In the listing that follows, the range to quote begins at the line that has "Сарочка, Верочка и" and ends after the line that has "Refurbishment 19 rue"; quote it verbatim and add nothing.

(RECORDS PROVIDED Opens)

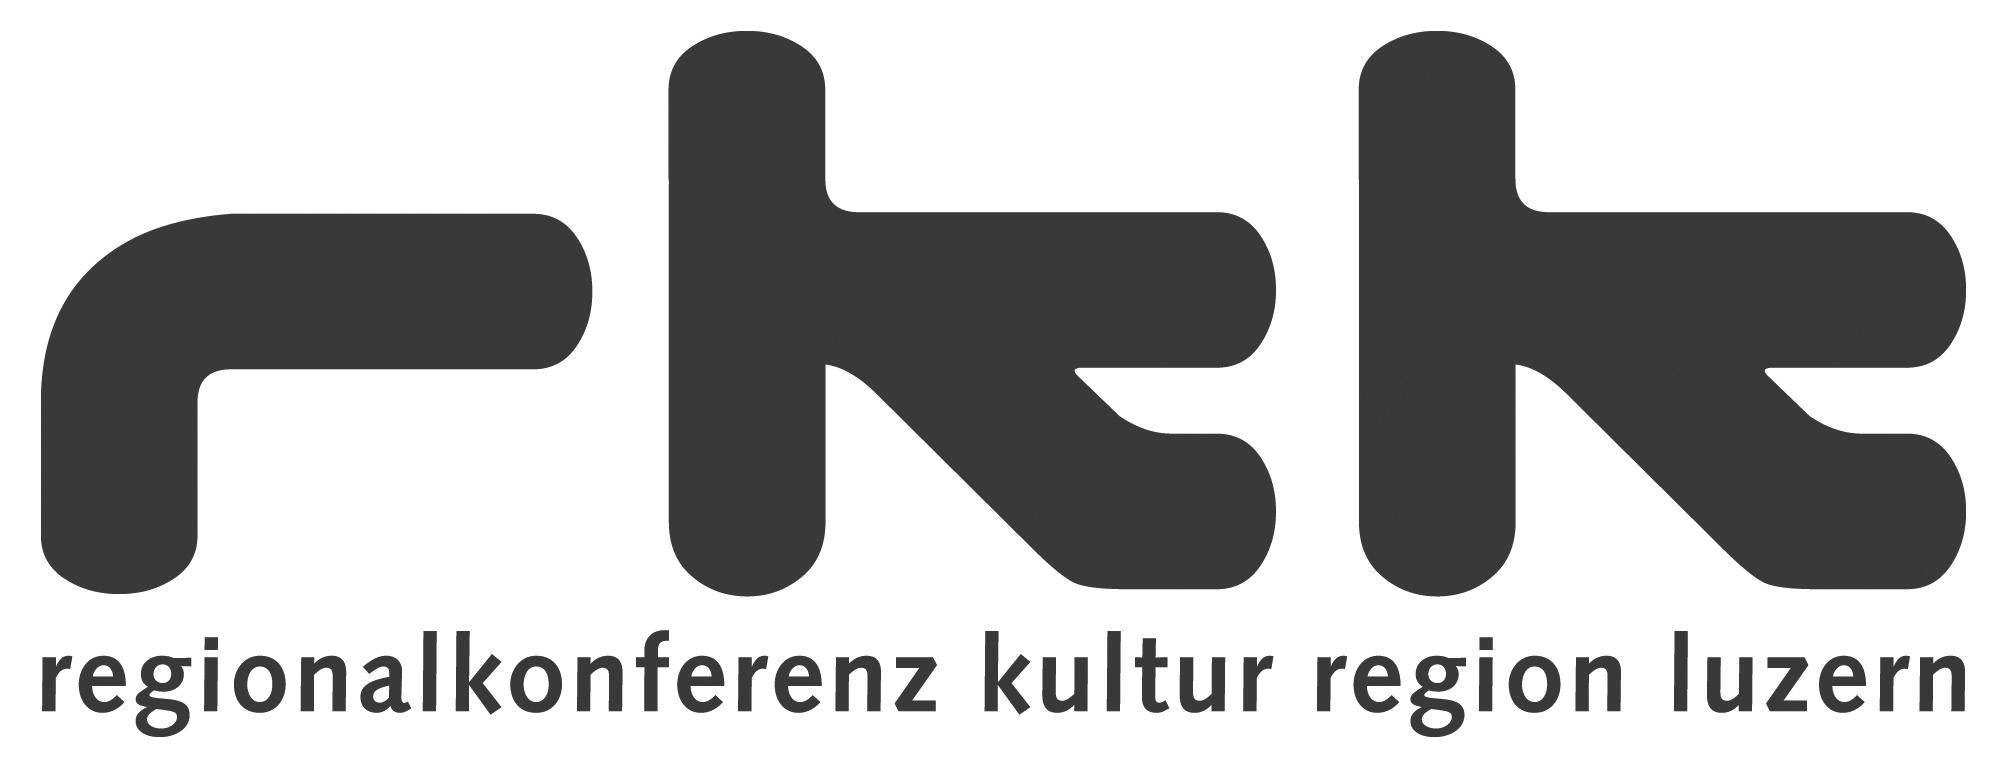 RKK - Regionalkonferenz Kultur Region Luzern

(RECORDS PROVIDED Closes)
(RECORDS PROVIDED Opens)

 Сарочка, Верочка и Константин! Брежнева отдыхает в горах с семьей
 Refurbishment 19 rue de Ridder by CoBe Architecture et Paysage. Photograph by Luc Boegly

(RECORDS PROVIDED Closes)

• COMPLETED TASK:
 Сарочка, Верочка и Константин! Брежнева отдыхает в горах с семьей
 Refurbishment 19 rue de Ridder by CoBe Architecture et Paysage. Photograph by Luc Boegly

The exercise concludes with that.